Aunque bajo la tierra
mi amante cuerpo esté,
escríbeme a la tierra
que yo te escribiré.
El 28 de marzo de 1942, de madrugada, murieron a Miguel Hernández en el reformatorio de adultos de Alicante, lo que ahora es el Palacio de Justicia. Precisamente lo que le faltó al poeta. Para más inri Sábado de Pasión, lo que no hizo que tuvieran mayor caridad cristiana con él.
Tras pasar por varios presidios, en los tres últimos recibió una banderilla de muerte en cada uno:
- En Palencia una neumonía
- En Ocaña bronquitis
- En Alicante, la última, tifus y tuberculosis.
Nadie le dio tratamiento, y el que podía habérselo conseguido, enviándolo al hospital de tuberculosos de Valencia como le pidió el propio poeta, se negó. Incluso le intentó hacer un chantaje al que Miguel no accedió: redactar un documento prohibiendo la publicación en España e Hispanoamérica de su obra Viento del pueblo.
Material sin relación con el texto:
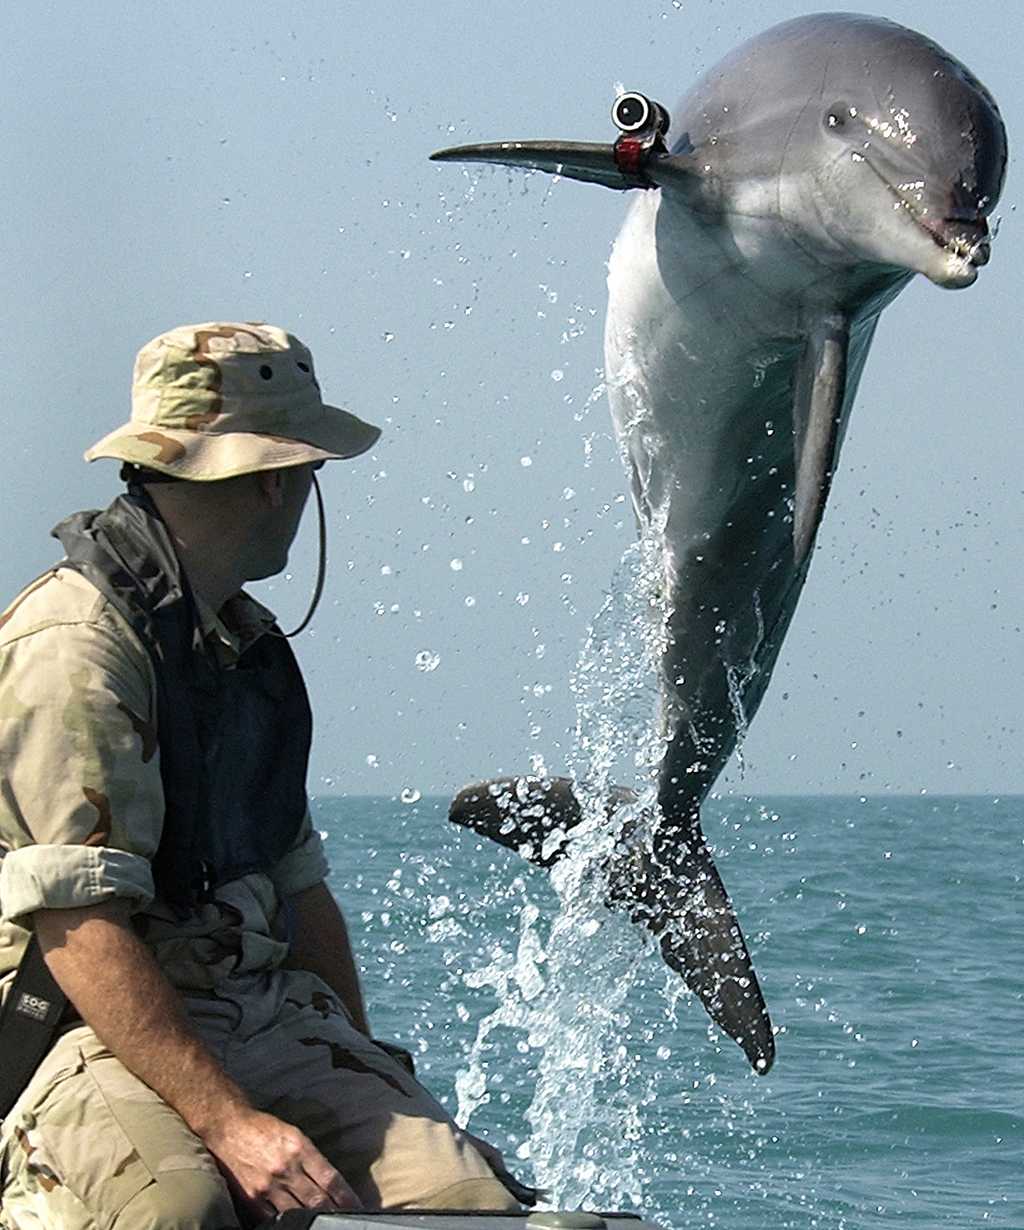 Un grand dauphin du&nbsp;Programme de mammifères marins de l’US Navy porte une balise de localisation. Il est entraîné à détecter les mines, ou toute autre arme de guerre. ©&nbsp;United States Navy

Este personaje fue el jesuita Luis Almarcha, Vicario General de Orihuela, que conocía a Miguel desde niño, y que ha quedado señalado como el que mató a Miguel Hernández. Porque dejarle morir, en este caso, fue una forma de matarle.
Además, este era el segundo chantaje del cura jesuita en menos de un mes, ya que, a primeros de marzo, obligó a Miguel y a su esposa Josefina a casarse por la iglesia, aunque llevaban ya casados 5 años, pero por lo civil, claro. El vicario le dijo a Miguel que, si no hacía un matrimonio religioso, los derechos de sus obras, lo único que podía dejarles a su mujer y su hijo, se perderían. La pareja tragó con el chantaje y la boda se celebró prácticamente en «artículo mortis«, en la enfermería de la prisión y con un Miguel que ya solo era piel y huesos.
En el nicho 1009 del cementerio de Alicante entró Miguel Hernández con los ojos abiertos: nadie se los pudo cerrar.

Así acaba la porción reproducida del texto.